While the presence of TILs in tumor samples is typically assessed by histopathological measurements or gene expression markers, the authors maintained that the conventional approach has "limited accuracy and reproducibility."

Fuks also noted that Illumina methylation arrays, such as the legacy 450K, or the newer Illumina MethylationEPIC BeadChip, which contains 850,000 markers, remain the favored technology for genome-wide analysis.

"It may be surprising that we still use microarrays in the era of next-generation sequencing, but as a matter of fact, for DNA methylation profiling, the most widely used technology so far is still DNA methylation microarrays," Fuks said.

And despite the vast amount of data generated using the arrays, Fuks and his team settled on a relatively small panel of five markers as its final signature. "The combination of these five gave us as good data as a longer list," he said. "That's why we went with these."

In the paper, the team maintained that the scores from the 5-marker, "methylation of TIL" (MeTIL) signature could be correlated with endpoints "reflecting overall or disease-free survival and a pathologic complete response" to preoperative anthracycline therapy in three breast cancer cohorts from the Jules Bordet Institute in Brussels.
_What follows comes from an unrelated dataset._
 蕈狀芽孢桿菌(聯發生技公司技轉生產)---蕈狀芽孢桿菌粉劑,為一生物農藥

Specifically, they reported that their markers predicted survival and response to chemotherapy in among different breast cancer subtypes better than histopathological assessment of TILs or gene expression–based immune markers did.
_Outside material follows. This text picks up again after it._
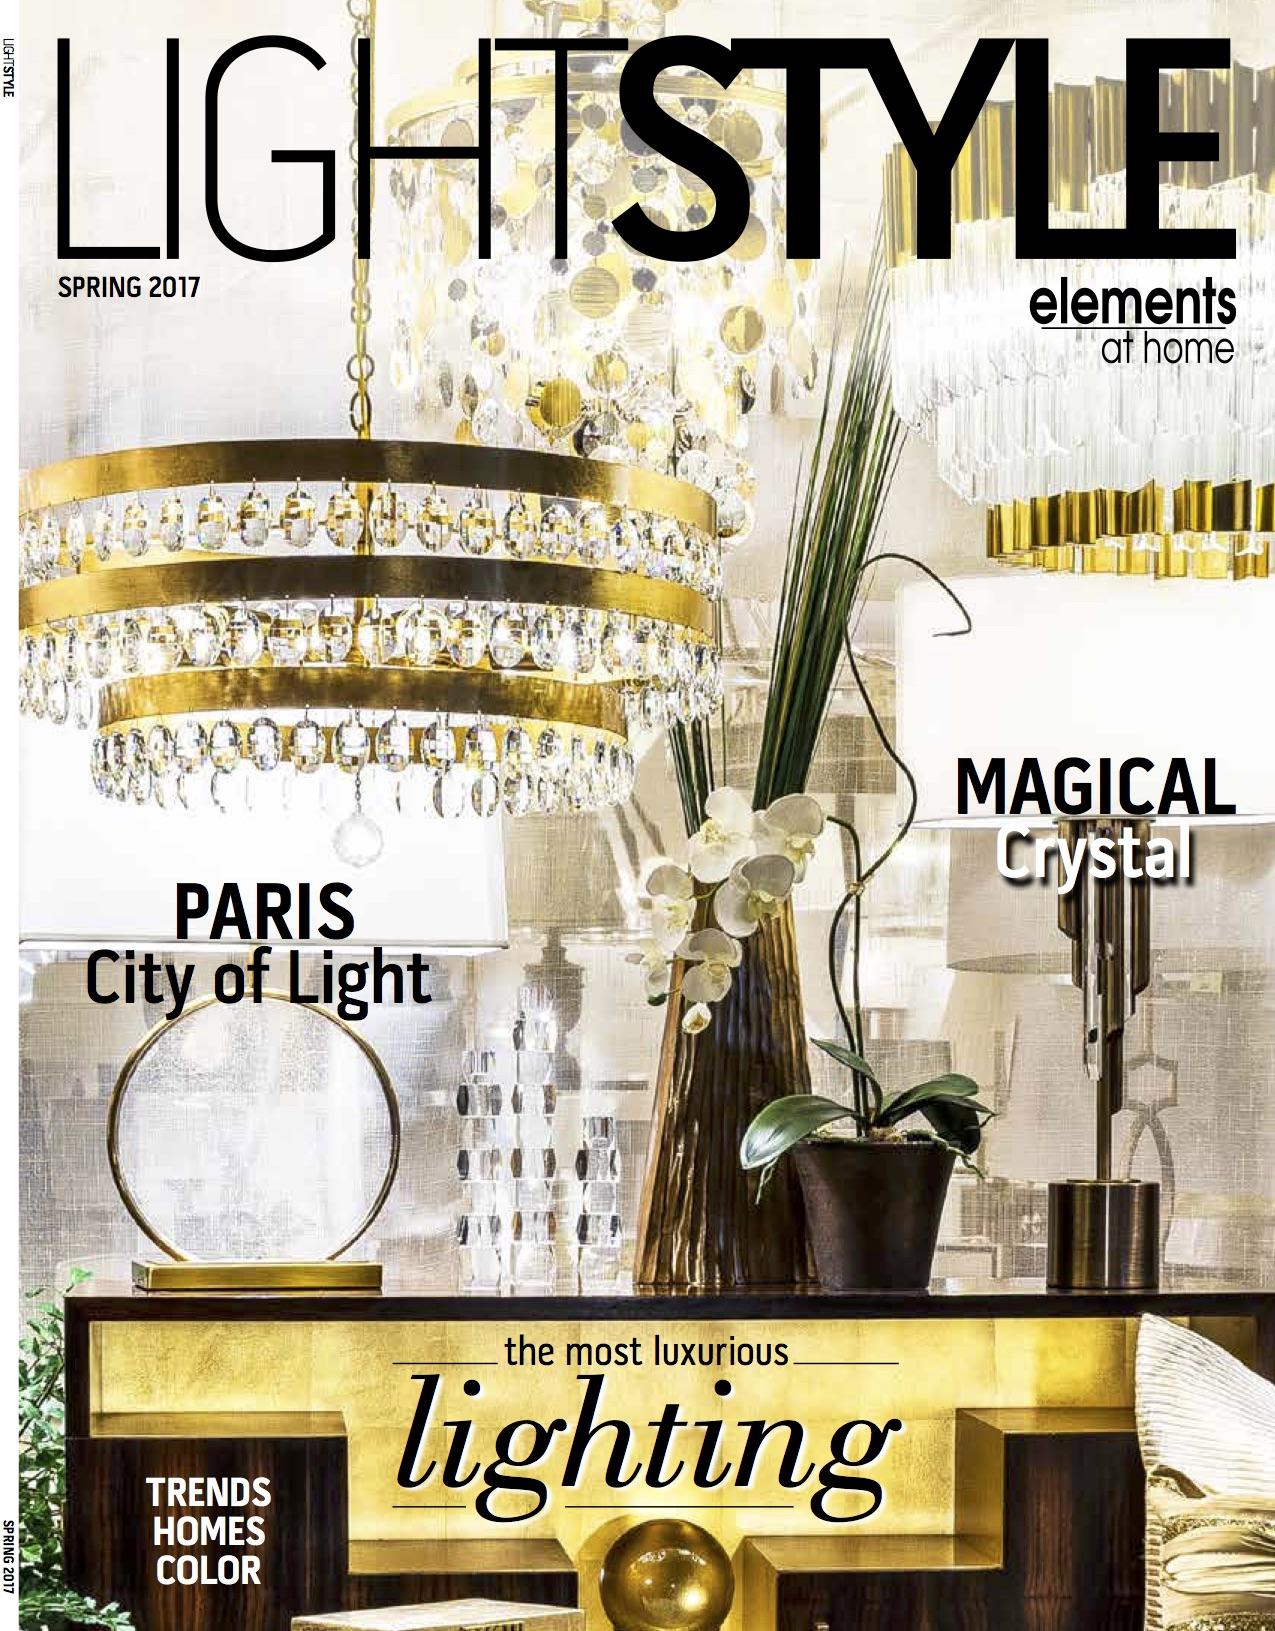 Lightstyle magazine

"By comparing the pathologies of the different subtypes with our MeTIL scores, we were able to quantify the number of TILs in a more accurate manner," said Fuks. "That's how we wound up with these assertions."

The team also looked at the signature in other cancer types from The Cancer Genome Atlas, where the MeTIL signature also improved the prediction of survival in other malignancies, including melanoma and lung cancer. Fuks said the results have encouraged his team to study the application of its signature in those indications.

"Clearly, we would like to go into other cancers, into melanoma, or lung," said Fuks. "We may want to go into other kinds of [cancer] treatments," he said, "but the current focus is on breast cancer."

According to Fuks, a test to predict the benefit from anthracycline chemotherapy in breast cancer is needed in Belgium, where roughly 10,000 women are diagnosed with the disease each year. It remains the leading cause of cancer death among women, only some of whom benefit from chemotherapy.

By partnering with Diagenode, the hope is that European oncologists will be able to use the MeTil signature to select the best treatment for their patients with breast cancer.

Schoemans noted, though, that the current project is funded to produce a breast cancer assay for the European market. Upon its completion, the company would like to make the kit available in the US, where it has launched a number of FDA-cleared kits.

He also said that the avenue for selling the test is "still a bit open," and that the company is interested in working with a partner that could assist in marketing the product.

"This market is very different from infectious disease, and very different from the epigenetic research market," he said. "It will require investments."

He also said that the company has not selected a definite platform for the test. Instead, the initial kit would be manufactured so that it could be used "in any hospital or clinic on two or three of the most widely used platforms," he said.

The MeTIL signature is not the only project underway as Diagenode seeks to build its new methylation testing business. The company also recently received finding to develop an epigenetics-based thyroid cancer diagnostic.

Diagenode and partners at the Austrian Institute of Technology and Platomics, an Austrian R&D company, received €1.5 million in EU funding last year to carry out the project over the next three years. 

Similar to its work with U-CRC, as part of the consortium, Diagenode will seek to develop a set of DNA methylation markers into a kit that will be tested in a proof-of-principle study. Diagenode and its partners will also develop an end product, with the design, manuals, software, and quality assurance necessary for CE-IVD marking.